▶ [Input material]:
━━━━━━━━━━━━━━━━━━━━

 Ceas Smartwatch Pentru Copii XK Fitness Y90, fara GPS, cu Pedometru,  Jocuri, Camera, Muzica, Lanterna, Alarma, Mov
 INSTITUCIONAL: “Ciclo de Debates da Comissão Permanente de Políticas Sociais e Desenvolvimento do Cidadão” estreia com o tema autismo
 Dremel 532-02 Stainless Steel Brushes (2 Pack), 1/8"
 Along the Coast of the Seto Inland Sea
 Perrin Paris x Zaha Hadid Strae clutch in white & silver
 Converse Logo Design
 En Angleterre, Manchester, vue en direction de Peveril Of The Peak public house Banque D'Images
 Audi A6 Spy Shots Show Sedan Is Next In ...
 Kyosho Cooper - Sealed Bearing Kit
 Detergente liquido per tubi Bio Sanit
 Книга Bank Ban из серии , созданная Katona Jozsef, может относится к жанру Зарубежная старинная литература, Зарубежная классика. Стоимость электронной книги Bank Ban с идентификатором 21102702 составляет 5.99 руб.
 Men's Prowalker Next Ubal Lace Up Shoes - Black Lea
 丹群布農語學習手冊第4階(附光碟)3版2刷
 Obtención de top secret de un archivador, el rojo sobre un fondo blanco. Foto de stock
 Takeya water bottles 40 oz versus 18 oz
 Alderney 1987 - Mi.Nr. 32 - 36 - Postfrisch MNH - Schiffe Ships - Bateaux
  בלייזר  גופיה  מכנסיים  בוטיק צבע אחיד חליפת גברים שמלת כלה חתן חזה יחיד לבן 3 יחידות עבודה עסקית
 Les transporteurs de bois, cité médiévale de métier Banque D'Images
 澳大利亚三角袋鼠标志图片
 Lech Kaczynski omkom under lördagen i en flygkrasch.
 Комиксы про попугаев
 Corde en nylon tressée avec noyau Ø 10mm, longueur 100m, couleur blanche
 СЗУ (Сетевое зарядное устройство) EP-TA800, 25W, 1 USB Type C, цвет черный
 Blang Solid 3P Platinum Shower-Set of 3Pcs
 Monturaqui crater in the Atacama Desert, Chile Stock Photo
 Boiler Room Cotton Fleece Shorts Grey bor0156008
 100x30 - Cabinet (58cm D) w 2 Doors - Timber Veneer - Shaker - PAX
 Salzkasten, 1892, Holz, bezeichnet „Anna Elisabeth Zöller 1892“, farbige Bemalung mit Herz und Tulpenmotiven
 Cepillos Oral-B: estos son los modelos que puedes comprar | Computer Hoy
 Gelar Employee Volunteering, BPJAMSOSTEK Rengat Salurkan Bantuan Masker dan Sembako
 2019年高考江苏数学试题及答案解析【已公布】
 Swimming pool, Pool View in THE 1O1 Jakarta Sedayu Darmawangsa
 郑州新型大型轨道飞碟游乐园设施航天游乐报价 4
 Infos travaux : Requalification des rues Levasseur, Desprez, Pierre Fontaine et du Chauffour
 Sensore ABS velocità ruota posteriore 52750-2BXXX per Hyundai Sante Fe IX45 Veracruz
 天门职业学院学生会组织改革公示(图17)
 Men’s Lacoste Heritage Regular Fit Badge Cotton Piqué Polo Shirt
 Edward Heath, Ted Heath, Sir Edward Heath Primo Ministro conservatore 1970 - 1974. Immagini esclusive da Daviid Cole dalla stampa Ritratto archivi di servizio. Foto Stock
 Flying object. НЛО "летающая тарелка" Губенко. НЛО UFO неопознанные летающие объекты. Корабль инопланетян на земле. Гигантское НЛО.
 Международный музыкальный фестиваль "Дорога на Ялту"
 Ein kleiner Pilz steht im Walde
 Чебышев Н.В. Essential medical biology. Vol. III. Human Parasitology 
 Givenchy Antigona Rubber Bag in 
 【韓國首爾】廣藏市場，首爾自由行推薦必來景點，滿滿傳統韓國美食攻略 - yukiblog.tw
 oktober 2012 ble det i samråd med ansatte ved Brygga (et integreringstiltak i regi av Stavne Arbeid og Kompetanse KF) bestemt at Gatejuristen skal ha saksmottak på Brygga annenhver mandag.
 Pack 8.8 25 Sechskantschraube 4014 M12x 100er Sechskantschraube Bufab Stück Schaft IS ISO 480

━━━━━━━━━━━━━━━━━━━━

▶ [Task brief]: Could you retype exactly the lines above, starting at the line that contains "Audi A6 Spy Shots Show Sedan Is Next In ..." and ending at the line that contains "Corde en nylon", and nothing more?

▶ [Solution for this problem]:
 Audi A6 Spy Shots Show Sedan Is Next In ...
 Kyosho Cooper - Sealed Bearing Kit
 Detergente liquido per tubi Bio Sanit
 Книга Bank Ban из серии , созданная Katona Jozsef, может относится к жанру Зарубежная старинная литература, Зарубежная классика. Стоимость электронной книги Bank Ban с идентификатором 21102702 составляет 5.99 руб.
 Men's Prowalker Next Ubal Lace Up Shoes - Black Lea
 丹群布農語學習手冊第4階(附光碟)3版2刷
 Obtención de top secret de un archivador, el rojo sobre un fondo blanco. Foto de stock
 Takeya water bottles 40 oz versus 18 oz
 Alderney 1987 - Mi.Nr. 32 - 36 - Postfrisch MNH - Schiffe Ships - Bateaux
  בלייזר  גופיה  מכנסיים  בוטיק צבע אחיד חליפת גברים שמלת כלה חתן חזה יחיד לבן 3 יחידות עבודה עסקית
 Les transporteurs de bois, cité médiévale de métier Banque D'Images
 澳大利亚三角袋鼠标志图片
 Lech Kaczynski omkom under lördagen i en flygkrasch.
 Комиксы про попугаев
 Corde en nylon tressée avec noyau Ø 10mm, longueur 100m, couleur blanche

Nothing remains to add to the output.